How should higher education research inform public policy and practice?

How should higher education research inform public policy and practice?

Pullias co-directors contribute essays to a provocative new collection on scholarship and advocacy.

Should higher education scholars remain detached, data-focused researchers — or should they take action to advance social change? A new collection of essays, Taking It to the Streets: The Role of Scholarship in Advocacy and Advocacy in Scholarship (Johns Hopkins University Press, March 2018), delves into these and other pressing questions for academic researchers today.

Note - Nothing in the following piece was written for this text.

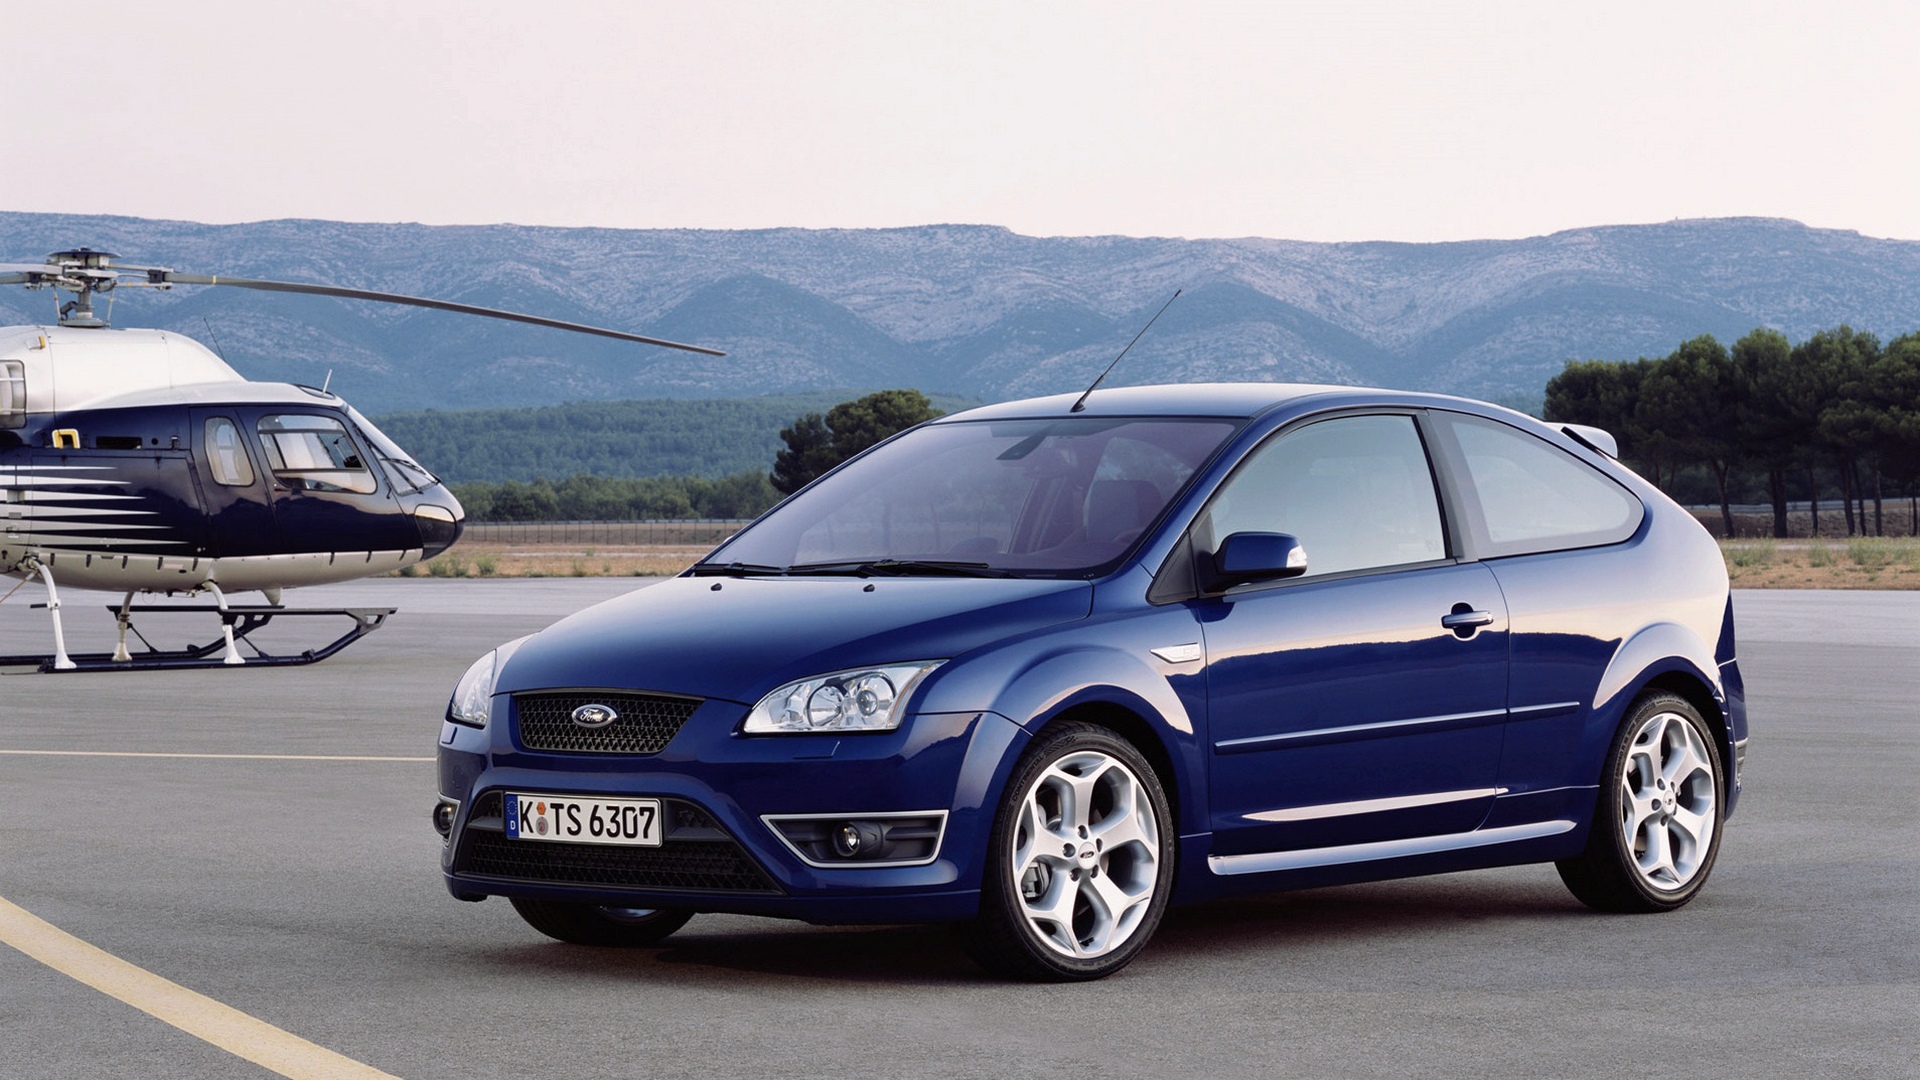 Ford Focus Hd Wallpaper Background Image 1920x1080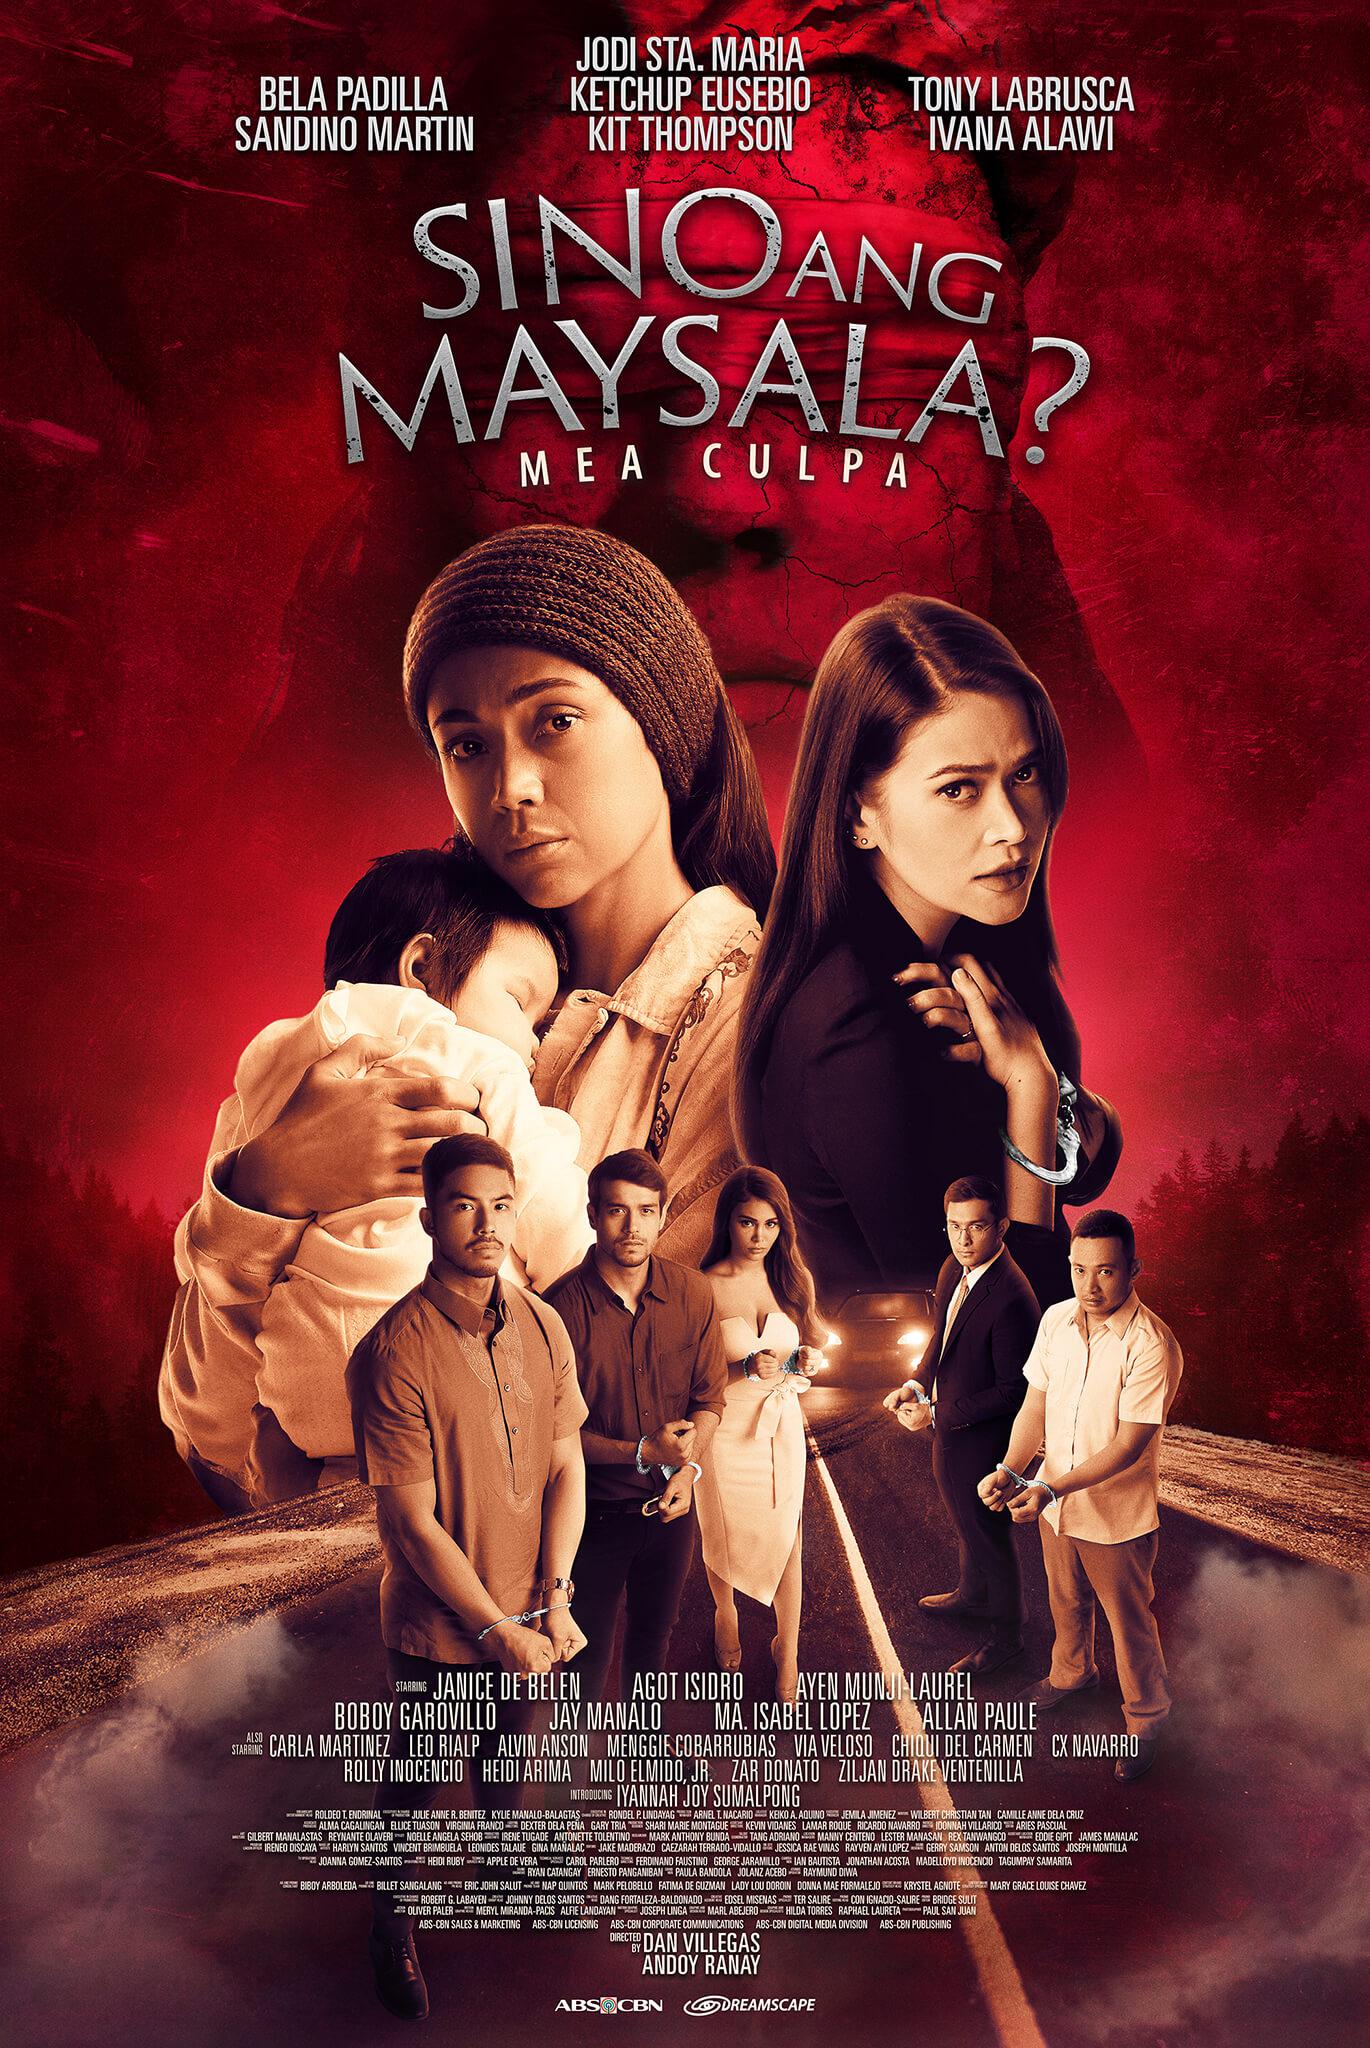 TV ratings for SINO ANG MAYSALA?Mea Culpa in Portugal. ABS-CBN TV series

Edited by Laura W. Perna, James S. Riepe Professor and Executive Director of the Alliance for Higher Education and Democracy at the University of Pennsylvania, Taking It to the Streets brings together 16 essays with diverse perspectives from recognized thought leaders. Among these authors are William G. Tierney, Wilbur Kieffer Professor of Higher Education and University Professor at USC, and Adrianna J. Kezar, Dean’s Professor of Higher Education at USC. Tierney and Kezar serve as co-directors of the USC Pullias Center for Higher Education.

Tierney’s contribution, “A Road Less Traveled: The Responsibilities of the Intellectual,” argues that academic researchers, especially those with tenure, have a public responsibility.

“Too many tenured faculty see tenure as a right,” Tierney writes. “I see it as an obligation. Through tenure, I have been accorded an inordinate reward and privilege — a sinecure for life. Such freedom has placed on me three responsibilities. I have to marshal the best possible evidence to inform my research. I have to reach out to multiple audiences. And I have to initiate difficult dialogues that ensure that the academy remains a place where the search for truth is paramount.”

Kezar’s essay too argues that “public engagement is a responsibility of scholars and part of quality scholarship.” Titled “Using Philosophy to Develop a Thoughtful Approach to Going Public or Not,” Kezar’s essay cautions against the type of public engagement aimed primarily at gaining personal prestige for the scholar, and encourages scholars to instead engage with a diversity of stakeholders, including those with less powerful or minority voices.

“Public engagement should extend beyond the media — where public intellectuals typically aim — to involve various publics, including those who are the beneficiaries of or agents within the research and those who will act on the research to develop policy and shape practice,” Kezar writes. “The public should be considered in an inclusive way — encompassing students and parents, the media, the general public, and, particularly, groups that may have formerly had no access to our research or have been excluded as an audience.”

Tierney and Kezar’s essays in Taking It to the Streets continue their ongoing work examining the role of the public intellectual and scholarship in higher education.